By Jessica Jones and John Nazca
Tourists take a selfie with clouds of smoke named "pyrocumulus", according to the Andalusian Fire Prevention and Extinction Plan (INFOCA), from a wildfire on Sierra Bermeja mountain, in the background, in Gaucin, Spain, September 10, 2021. REUTERS/Jon Nazca

People fled their homes in six more Andalusian towns and villages on Sunday as Spain sent in a military unit to help tackle blazes raging close to a Costa del Sol resort.

A wildfire fanned by strong winds has now driven out close to 2,000 people and killed one emergency worker since it erupted on Wednesday in the mountainous Sierra Bermeja above Estepona, a popular spot with British tourists and retirees.

Huge plumes of smoke rising above the mountains could be seen from miles away. Footage released by emergency services showed firefighters trying to contain flames in the dry, wooded terrain.

Evacuees, some elderly, sat around plastic tables in a sports centre in the nearby town of Ronda, as volunteers brought in bottled water, chairs and supplies.

"It's all been very fast and efficient to tell you the truth, but we're a bit nervous because we don't know what is going to happen," said computer scientist Abraham Lopez, who was evacuated from his home in Genalguacil.

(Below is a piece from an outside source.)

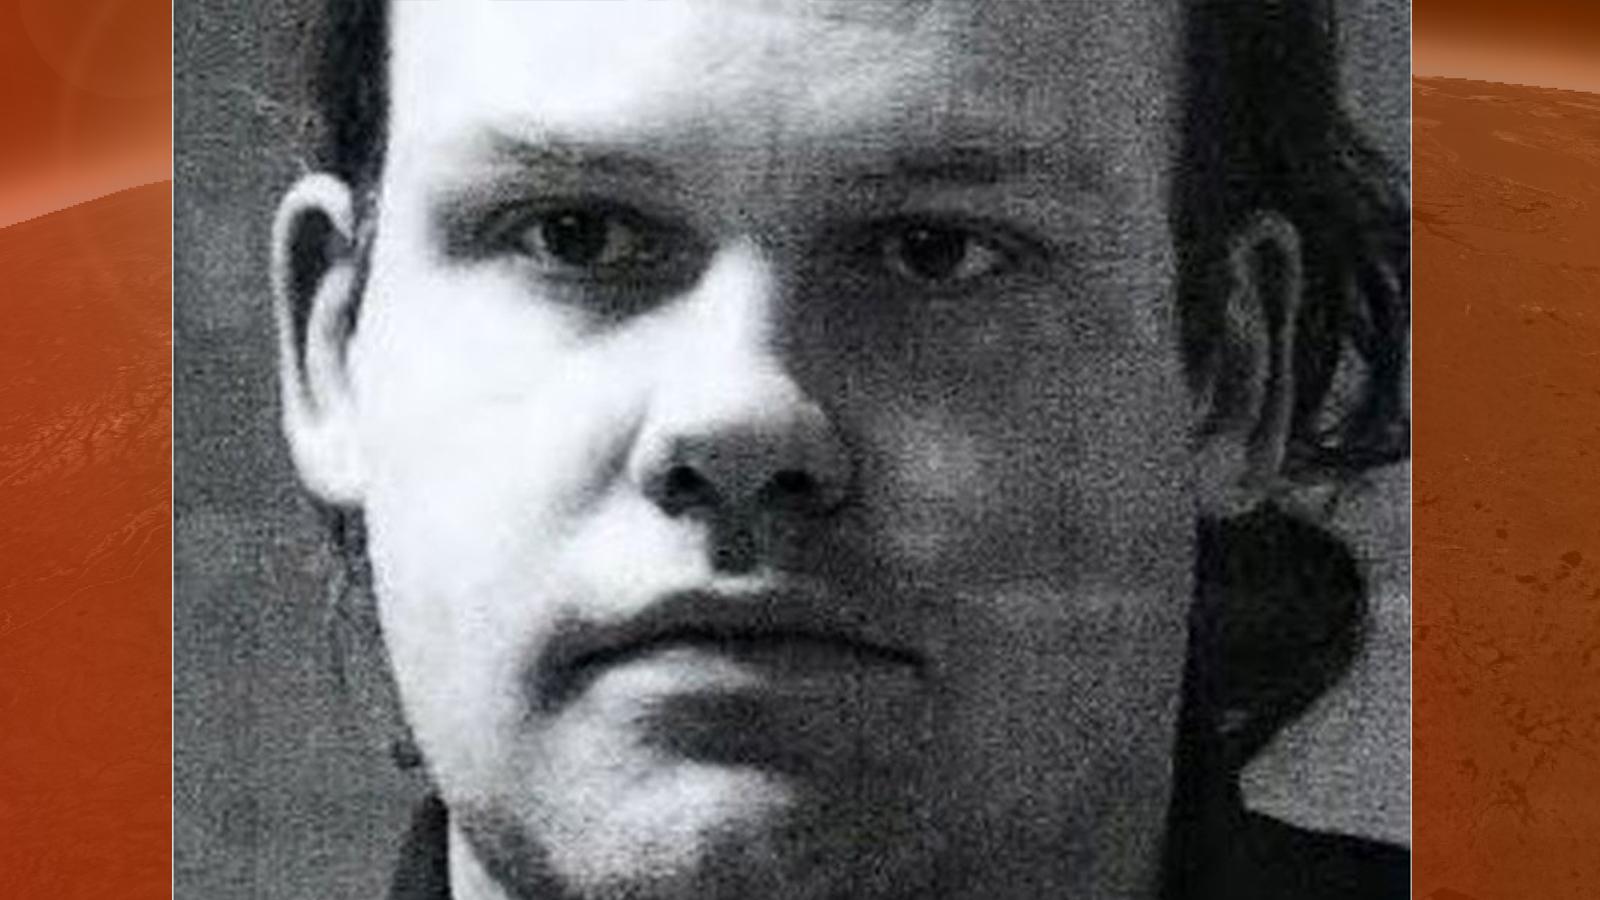 A police handout of Jonathan Karl Bruenig, 34

Emergency crews also cleared people from the towns and villages of Jubrique, Farajan, Pujerra, Alpandeire and Juzcar on Sunday in the hills where the fire is burning amid high late-summer temperatures.

Tourists take a selfie with clouds of smoke named "pyrocumulus", according to the Andalusian Fire Prevention and Extinction Plan (INFOCA), from a wildfire on Sierra Bermeja mountain, in the background, in Gaucin, Spain, September 10, 2021. REUTERS/Jon Nazca

Five other communities were evacuated on Friday.

The fire had an "unusual power and strength" and was advancing in several directions, Alejandro Garcia from the forest fire agency's operational centre told reporters.

Prime Minister Pedro Sanchez announced the deployment of a Military Emergency Unit to help tackle the blaze. "We will work in coordination and without rest in the face of the fire that is devastating the province of Malaga," he said on Twitter.

The fire covered more than 6,000 hectares according to provisional data from the European Commission's Copernicus satellite, the environment ministry said in a statement.

Andalusia's regional forest fire agency said 365 firefighters were tackling the blaze supported by 41 aircraft and 25 vehicles.

Regional environment chief Carmen Crespo said on Friday the blaze appeared to have been started deliberately and investigators were working to uncover more details.